Found and marked the new laying queen today - the bees were happy and calm on the combs. I'll be treating for mites with Apilife Var starting tomorrow. 
-E.


----------



## nc checkers (Apr 4, 2006)

How will you use Apilife var in a TBH? Where will you place the wafers? I have a first year TBH that I may want to treat and feed but I am not sure how to do either.

I have several hives very low on stores and when feeding some a few weeks ago they got robbed out.
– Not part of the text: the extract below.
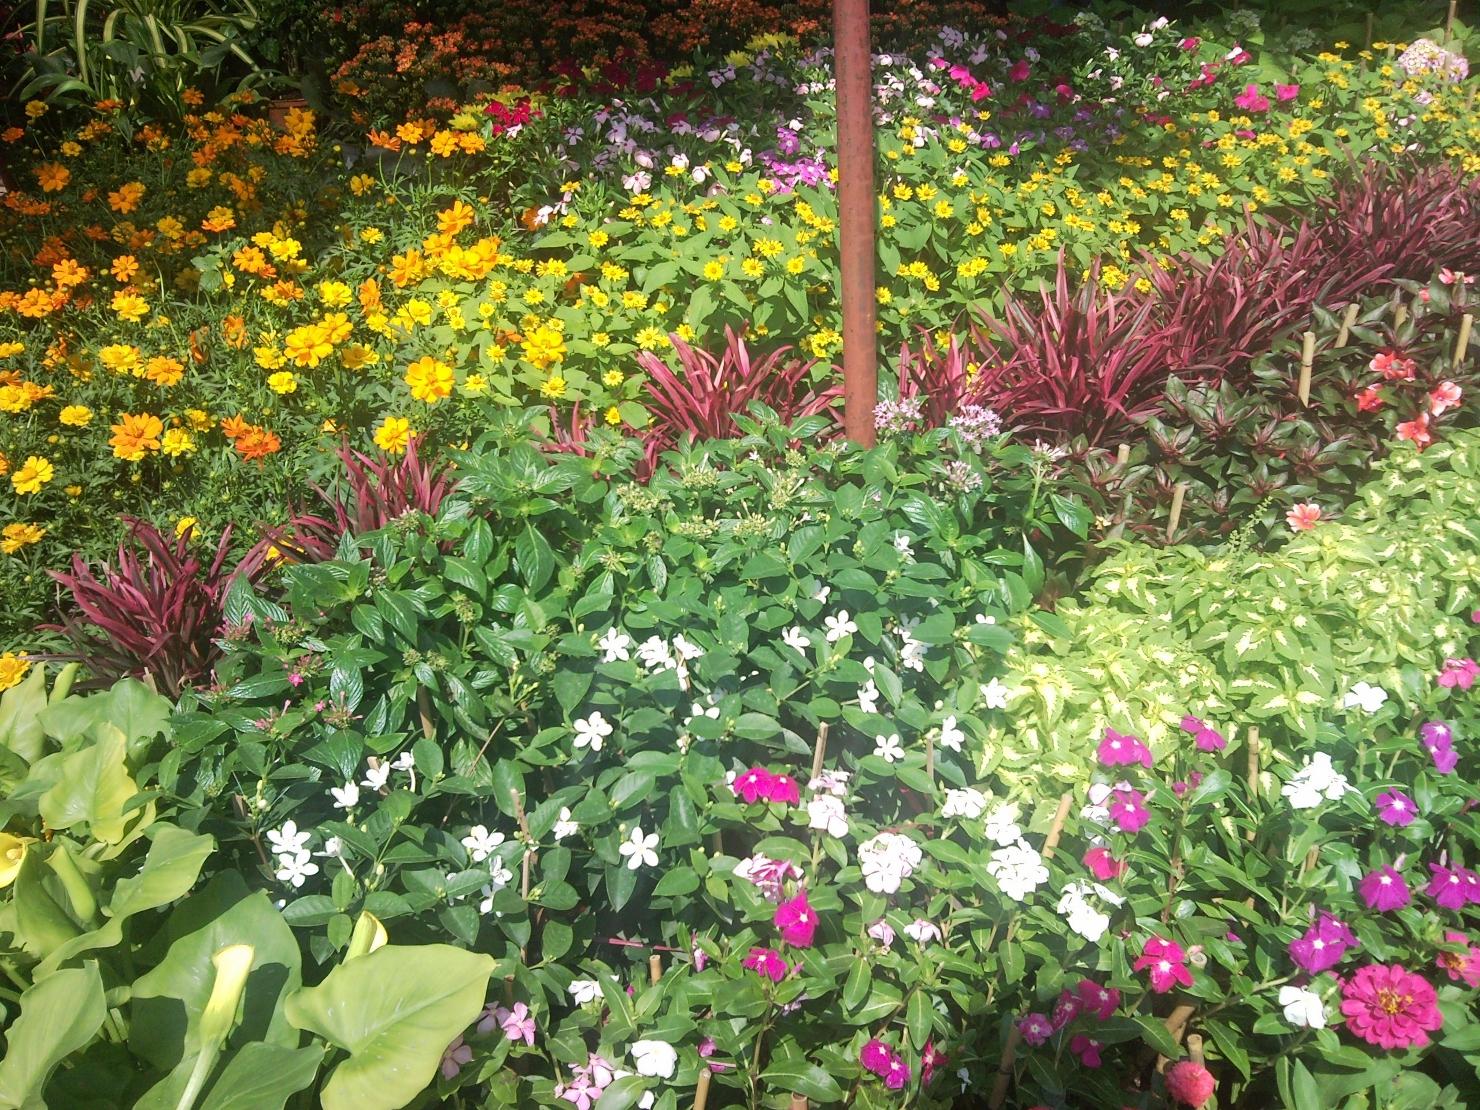 Vườn ươm cây có hoa
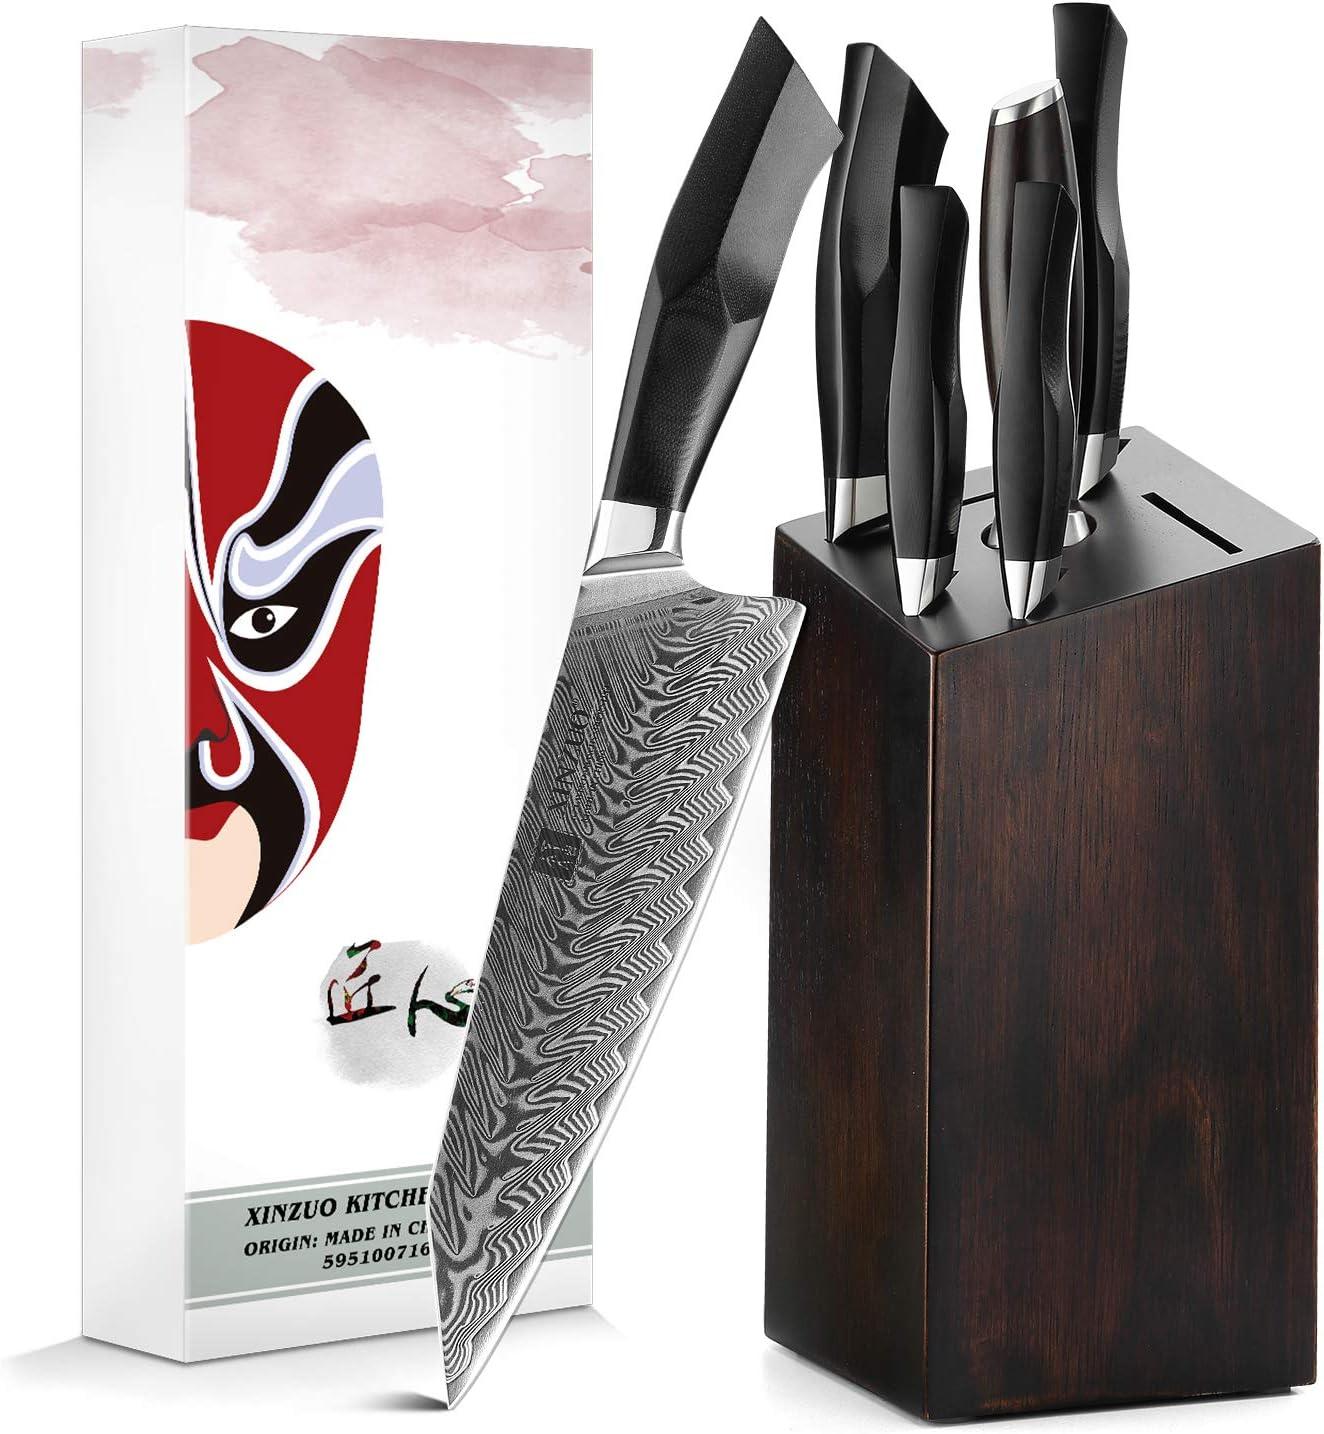 XINZUO Damascus 販売期間 限定のお得なタイムセール Steel 7-Piece Kitchen Knife Block Woode with ファッション通販 Set

I have resorted to feeding some strong hives and moving frames of capped honey to the light and weak hives.


----------



## Maine_Beekeeper (Mar 19, 2006)

I modified my top bars prior to install by sanding them down and creating a groove (like a little canoe) between some of the bars. 
This allows the bees access to the 'roof area' where I can feed with a baggie feeder or treat with Apilife Var - when I don't want the bees to have access to that space I just put a piece of plastic "mesh" needlepoint base over the area with the grooves.


----------



## redfish (Sep 28, 2009)

Maine_Beekeeper said:


> I modified my top bars prior to install by sanding them down and creating a groove (like a little canoe) between some of the bars.
> This allows the bees access to the 'roof area' where I can feed with a baggie feeder or treat with Apilife Var - when I don't want the bees to have access to that space I just put a piece of plastic "mesh" needlepoint base over the area with the grooves.


I've been trying to figure out a good way to feed, can you please post pictures of your hive or just one of the top bars with that groove in it?
I was considering a partition board with a small hole in it allowing bees to feed on fondant in the open rear of the hive but your way seems better and still works if all the bars are occupied with no room left in the TBH.
Thank you


----------



## LenInNorCal (Feb 28, 2009)

Make a follower board that does not reach the bottom but has enough space for a boardman feeder (the poochy out part) to insert at the base which, as stated, does not reach the bottom of the hive; 3/8" from the bottom, or at least the height of the feeder. Then put the feeder directly into the hive behind the follower board so the only thing that pooches into the hive is the metal, or plastic extension of the feeder and the bees can crawl into and drink.
Oh, and you have to make a small cleat that goes next to the feeder so the bees won't get back there. Makes your hive less than 1 bar shorter since you can use 1x 12 which is only 3/4" thick.
If I knew how to do photos, I would, so don't ask.


----------



## redfish (Sep 28, 2009)

Thanks Len,
That sounds like a plan...a lot easier that what I was thinking of....thank you...


----------